First we should recall one of the aspects of our coding philosophy that governs the whole body of middleware. Preventing concurrency problems from happening depends heavily on adopting best practice coding conventions which will be described later in this section. The coding techniques must be adopted uniformly across the code base so that we can eliminate certain scenarios from consideration as we identify the sources of potential concurrency problems.

For seasoned developers, applying a coding technique may be required in one situation but may not be necessary to use in another similar situation. Experience can help inform when to use a technique or not. However, in the interest in maintaining a thread-safe code base by developers with little skill, it is best that by default, a coding technique is applied in all similar cases for a given kind of scenario. Using a number of conventions, a novice developer can help make a method thread-safe without knowing why it works. Although this benefit carries some risk, for small-budget projects the team may have little choice.

General Design-8 : Apply the steps of the coding philosophy:
  1. get it working
  2. get it working for the next developer
  3. get it working well

As well, favour coding to convention over coding to circumstance.

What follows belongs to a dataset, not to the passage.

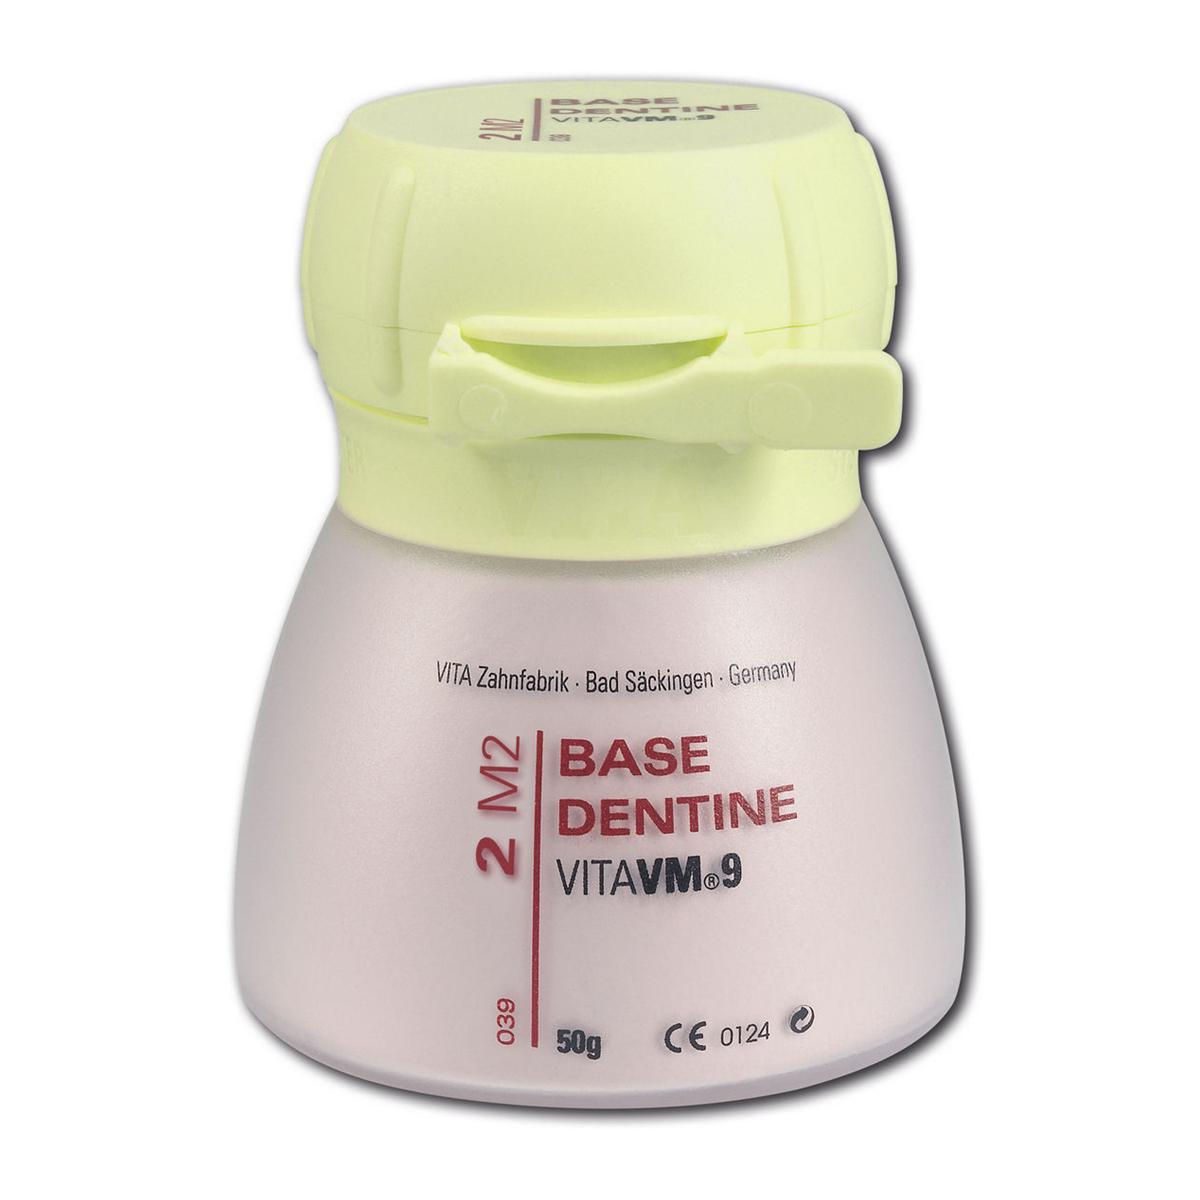 VitaVM 9 Base Dentin 50g 2L2.5

The next step in our approach is to review another one of our general decisions, which is to minimise the number of execution paths in the code and to force front-end applications to interact with the database via the service methods provided by the middleware. Taking these steps does not fix concurrency problems but helps limit what pathways through the code are likely to have potential contentions amongst many threads.

General Design-4 : Wherever possible, limit the paths of execution that are likely to occur.

Here we can summarise three techniques which are discusses in other areas of the design manual:

As another measure to help minimise the code execution scenarios which could go wrong, we should also decide on how we support or restrict sub-classing. We have limited our commitment to software reuse by indicating that the services may be reused by other client applications. It must first be proven that the RIF code base works to support its current goals before we can give priority for making it reusable in use cases that were not initially envisioned for our project. We don't predict there will be any urgent need for other developers to want to sub-class any of the Java classes in the middleware. It is likely that only the people on the RIF team will need to subclass the class files and they will do this only after they can justify extending them. Therefore, we again present here one of the general design decisions for limiting subclasses.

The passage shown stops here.